Alm also remembers the school's athletic director during his time there. "Walt Kandelin was a retired Special Forces guy, an enthusiastic, barrel-chested guy who loved his job. He was always trying to discipline us by making us do pushups ..."

"And trying to get us off cigarettes!" chimed in Lee.

Graduating classes have always been small. "My class numbered 42," said Yamashita, "although there have been classes as large as 50. But, from the late '70s on, there's been a waiting list of those wanting to get into the school."

This will be the first time efforts have been made to bring all graduating classes back to the campus for one special reunion. School rooms will be designated "decade rooms" on Saturday, as classes from the '50s and on will meet and greet each other, even inviting members of the classes of 2000 and 2001 to co-mingle in the '90s room.

"In our efforts to get as many people as possible," Yamashita said, "we're finding out that word-of-mouth is working better than our mailers! But, for those who are still thinking of coming on Saturday, it's never too late to make reservations. They can even pay as late as the day of event at the door."

Notable alumni include people like Egan Inoue, an '84 grad who is a current Ultimate Fighting champion (building on his stellar athletic career as a former racquetball and jujitsu world champion); attorney John Komeiji; current UH Dean of Students Alan Yang; Locations owner Bill Chee; sisters Ali'i Stone Ching and Lani Stone, a former Mrs. Hawaii and Miss Hawaii respectively; State Sen. Norman Sakamoto; former Legislator and current BOE member Donna Ikeda; and one of the school's more celebrated alumnus, Salevaa Atisanoe.
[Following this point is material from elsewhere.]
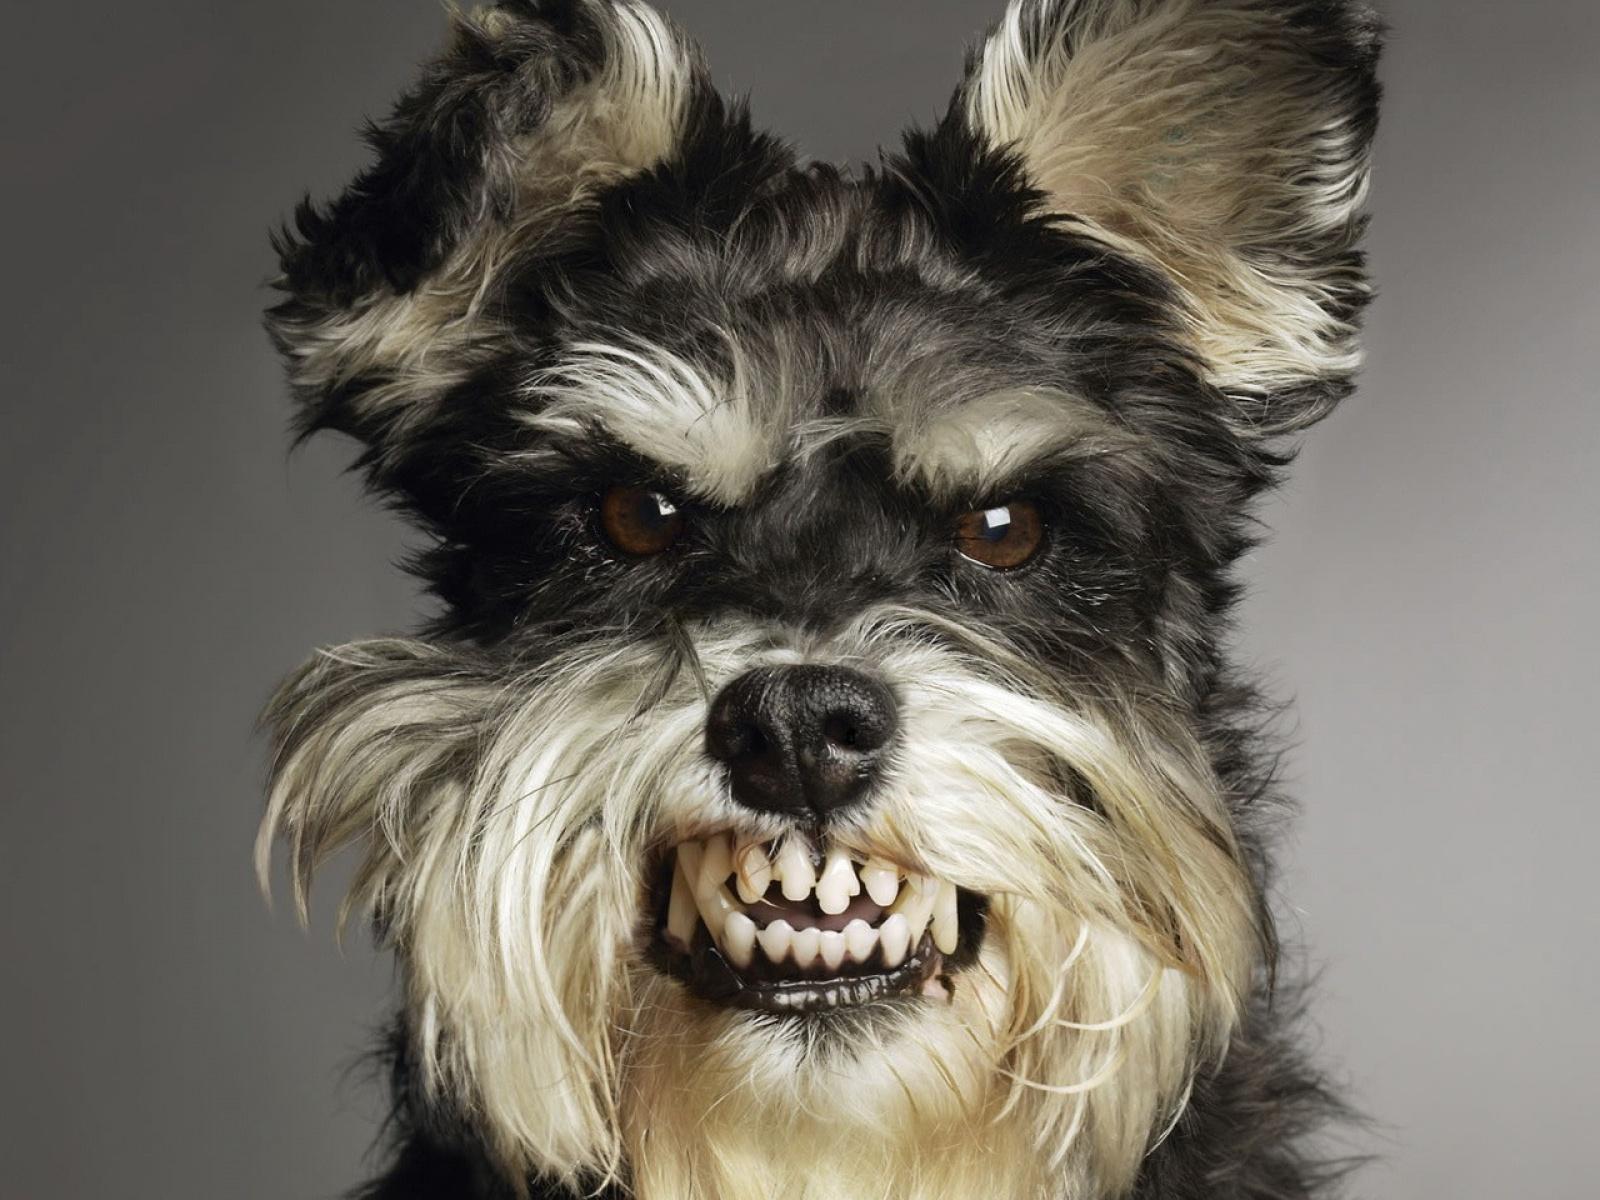 Le plus féroce de tout les chiens... Mouk!

Yamashita said the the former sumo wrestler known around the world as Konishiki is bringing 10 people to the reunion "and he's asking for XL and XXL-sized commemorative T-shirts!"



Lee's parents were happy "when the school accepted me after showing up for an open call. I started as a preschooler in fall of '58, one of a class of 38. I consider my class closer than family at times; it's not unusual for us to get together two, three, four times a year, whenever a classmate, who now lives out-of-state, comes back for a visit. Getting together for us is no problem."

Yamashita echoed Lee's feelings about his own classmates. "They've seen the good, the bad and ugly in you, sometimes I think moreso than your own brothers and sisters!

"The school always encouraged us to be individuals," he said. "The way that the curriculum was developed, we weren't educated in the standard way. And I've found that it's helped me when I later went into the business world, what with different management styles and 'thinking outside of the box.' It gave me a sense of resourcefulness."

Lee said he appreciated the liberal arts education he received throughout his schooling. "We always had art, language -- I remember taking Japanese when I was in the 9th grade -- music, where you took either band or choir.

"It was also cool to be located next to the university. Some of my fondest memories were of student teachers who would take some of us across the street to their own classes."

The upper classmen even participated during the protest years, in particular Moratorium Day in 1968. "Those from 9th grade up, we got out of class at 9:30 in the morning to walk across the street to demonstrate and participate in the Bachman Hall sit-in with people like Oliver Lee and John Witeck," in those heady times when even the University's ROTC building was burned down in protest.

Memories like those and other less dramatic will probably be recounted in the decade rooms, or during one of the dinner sittings under a makeshift tent with Vicki Holt Takamine's halau and Kilinahe performing or on the dance floor of the school's multi-purpose building, a combination cafeteria, volleyball/wrestling areas and theater. There's a lot of history associated with this rather nondescript school. And a lot of memories of growing up.